> The objective of the present work is to determine the exact integrals for thrust and bending moment coefficients, serving as an addendum to Glauert's original work deriving optimum power coefficients.
I don't think any "wind energy possibilities" were expanded. It looks like the student author gave an elegant exact/analytic computation of measurements that are already computable numerically. Remember that all analytic results are always only "Platonic ideal" approximations of real-world engineering results. It's possible, though not at all mentioned in the paper, that these exact solutions might make engineering computations easier.
As always, the tell is that claims made about the paper, but not in the paper are not to be relied upon. Nowhere does the paper claim to measure any quantiative improvement in rotor performance, not even theoretically potential improvements.
While not stated, it is implied that this newer, more acurate set of equations, will change the way CFA software does its job.
The finite element analyisis that used to be done long hand, is truely intimidating in its complexity, but is still with us, in current sofware.
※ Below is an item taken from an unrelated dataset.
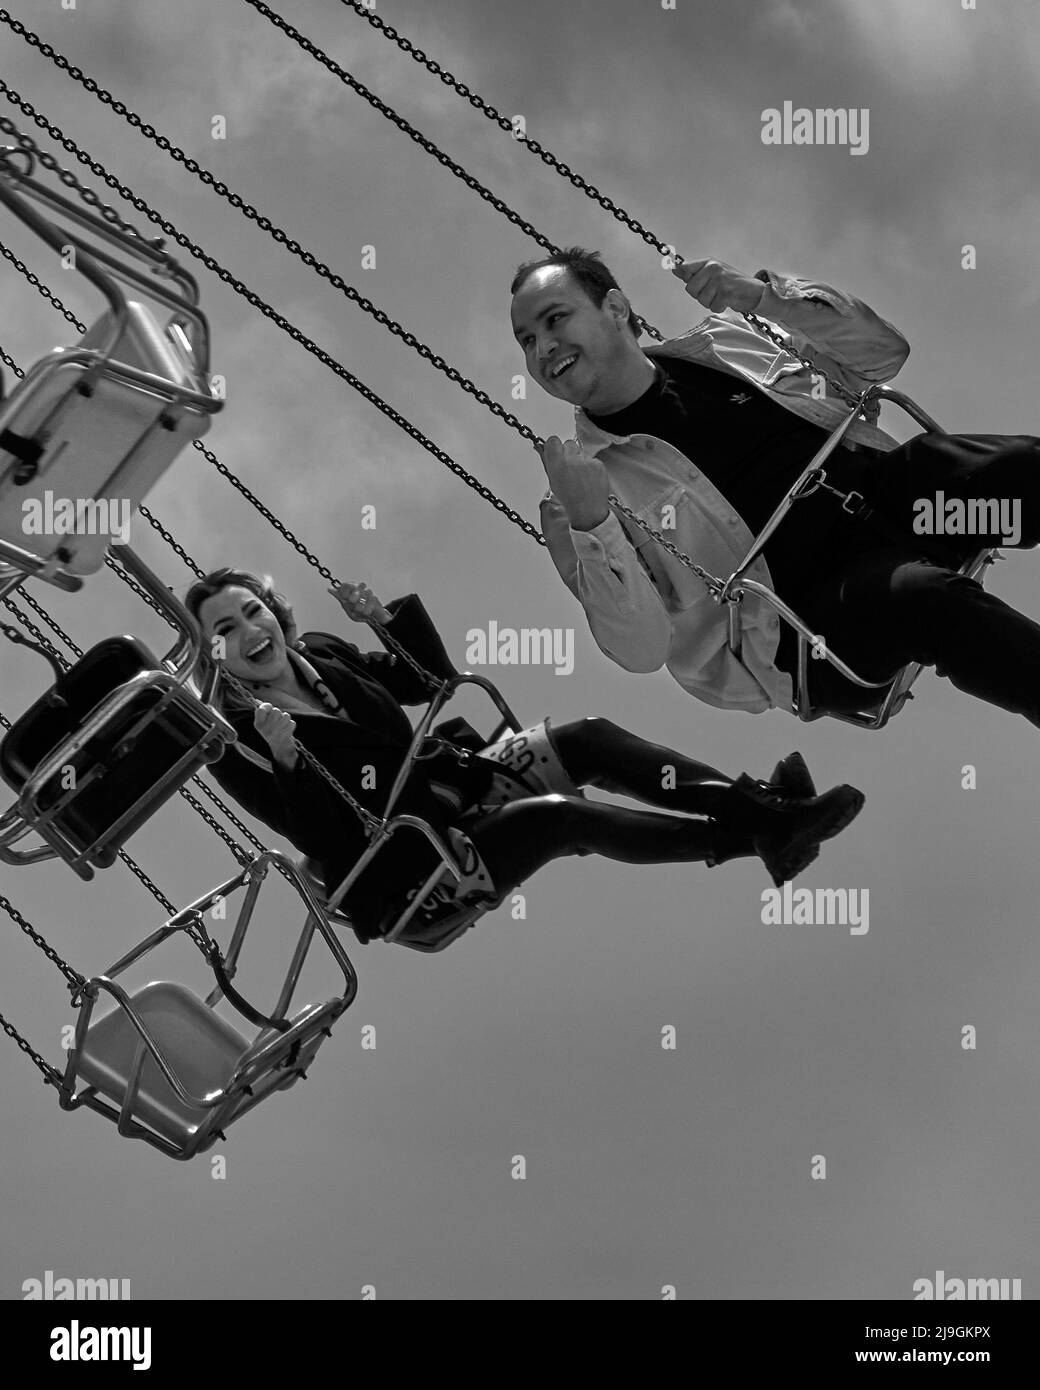 2 people enjoying life flying by overhead on an amusement ride Stock Photo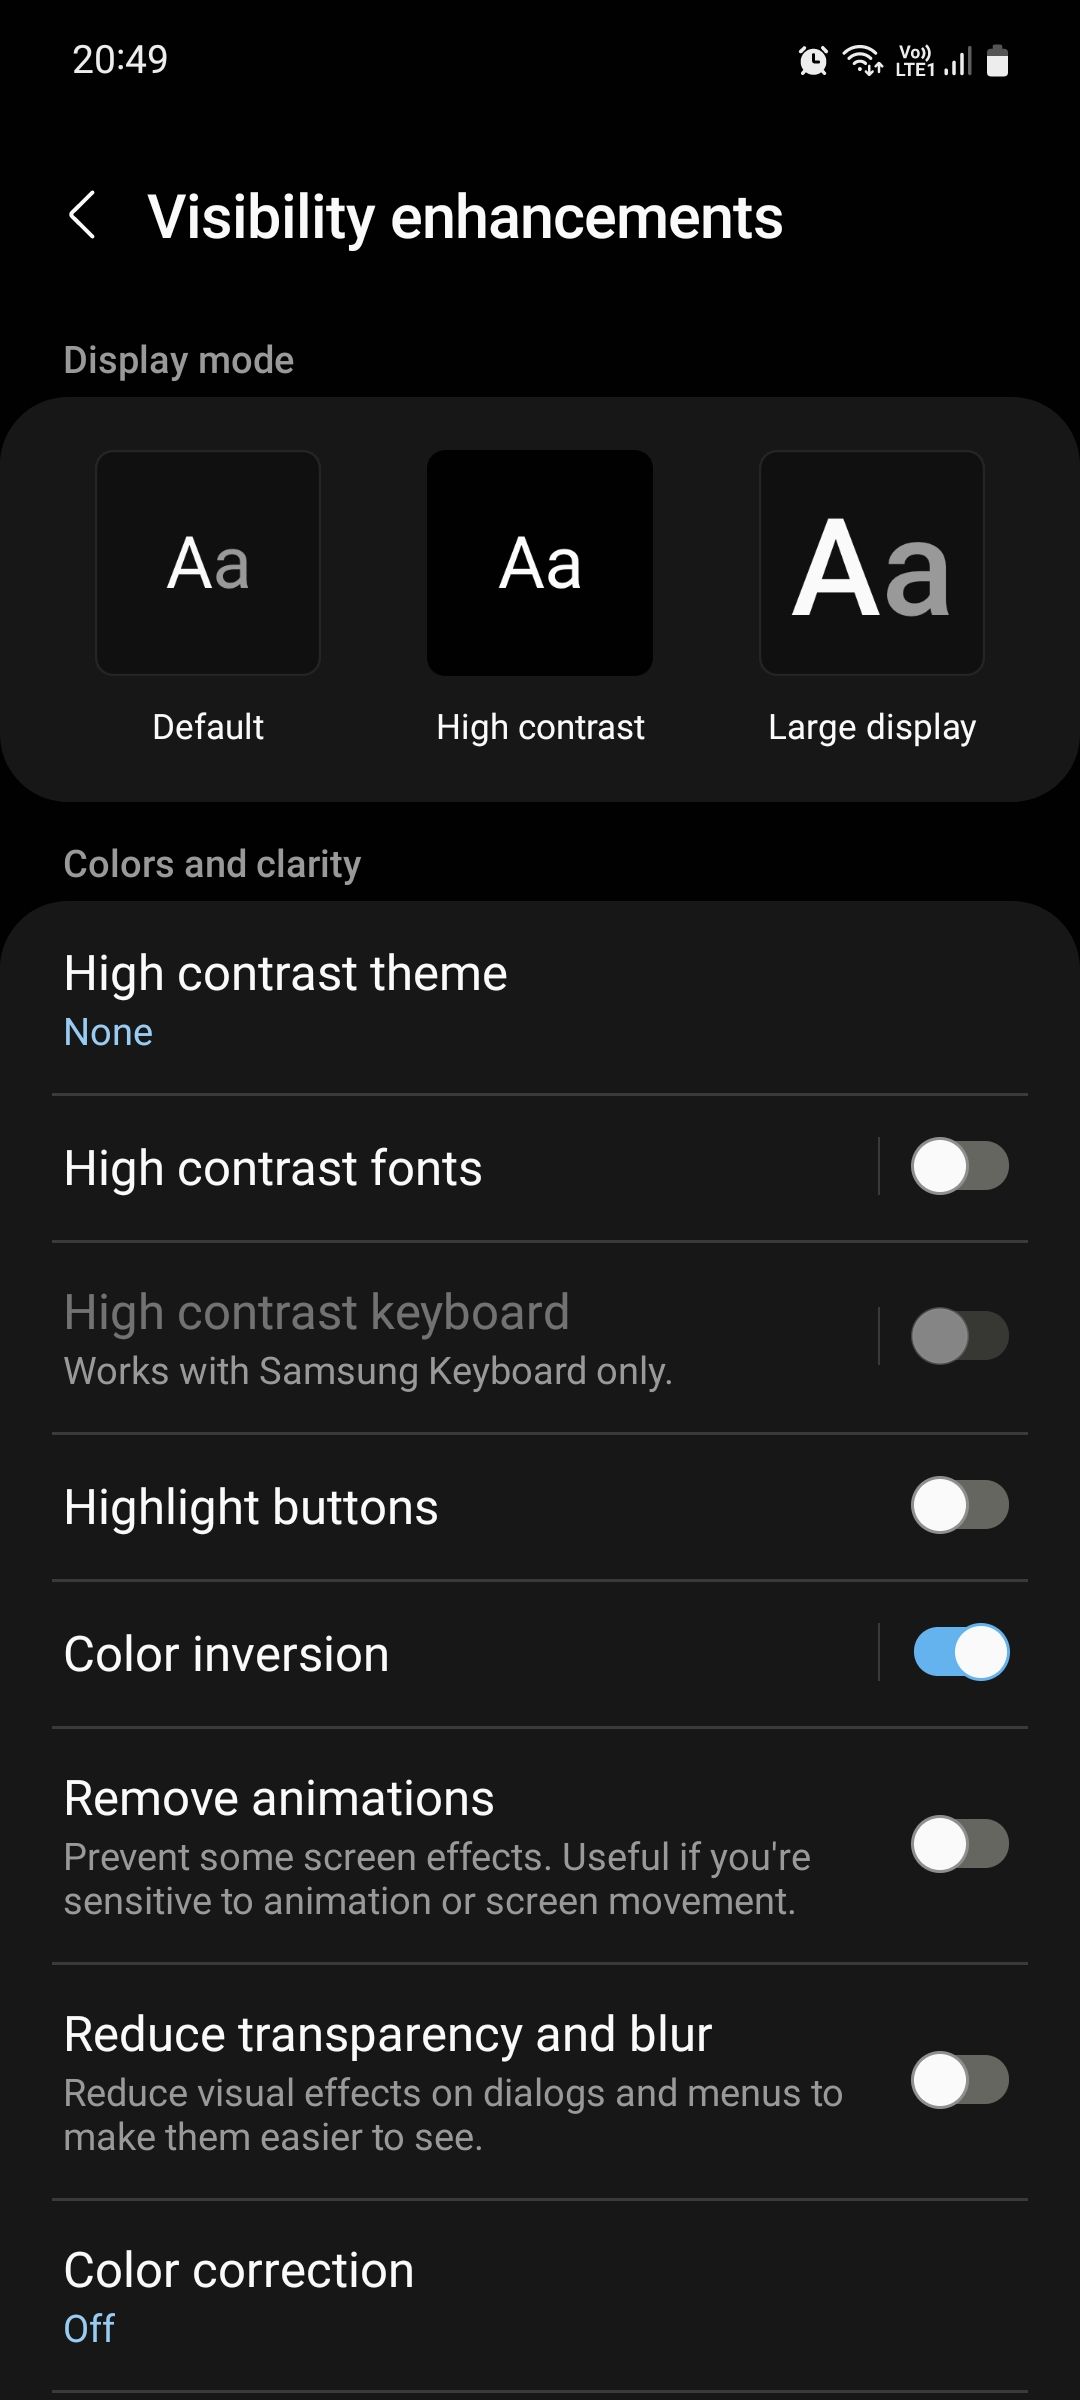 Samsung Accessibility Visibility enhancements menu

And yes there has been mountains of work done comparing sofware predictions, with wind tunnel tests, and experimental airfoils in service, but those still remain less than ideal.
And that this is the first work at revising these primary calculations in a generation, does speak to the skill and determination of the student who has done that work. Work that is so difficult, that ,just doing it put her in an elite class, and finishing it to the satisfaction of her professors and colegues, should be good enough for the rest of us, to at least wait paitently for the next step.
It is also exceptional for bieng impervious to utube, infuence hype, or any grab and go, monitizeation, its math, and unpatentable , and also still known as a profesion that is impervious to fakery and deception, so I hope to hear more of this Womans work.
> “Improving the power coefficient of a large wind turbine by just 1% has significant impacts on the energy production of a turbine, and that translates towards the other coefficients that we derived relations for,” she said. "A 1% improvement in power coefficient could notably increase a turbine’s energy output, potentially powering an entire neighborhood."
This reminds me of the old story about being able to capture just 1% of a market to create a successful startup and how you always have to remember, there are numbers less than 1.
OP claims this was not written in the paper because it was speculative, not quantitative. Nowhere in the paper did she ever claim to have made an x% improvement over the original work. Not making such claim in the paper itself is a testimony on how the scientific method should be applied. Of course anyone would hope to make a difference in the world, of wind turbine blades, and her comment does just that.
Its just classic HN reductionalism to reduce certain unverifiable claims down to its core principle.
some more equally valid remarks:
"Moving wind turbines just 50km closer to power consumers would decrease transmission loss by .5%"
"Building 102 wind turbines would be a 2% increase over the planned 100"
This is exactly the type of content I love to hate on HN
She found a 1% increase in turbine blade efficiency, with a pencil, and her brain, in her
"spare" time.
Not just turbine blade, but any airofoil that is spinning.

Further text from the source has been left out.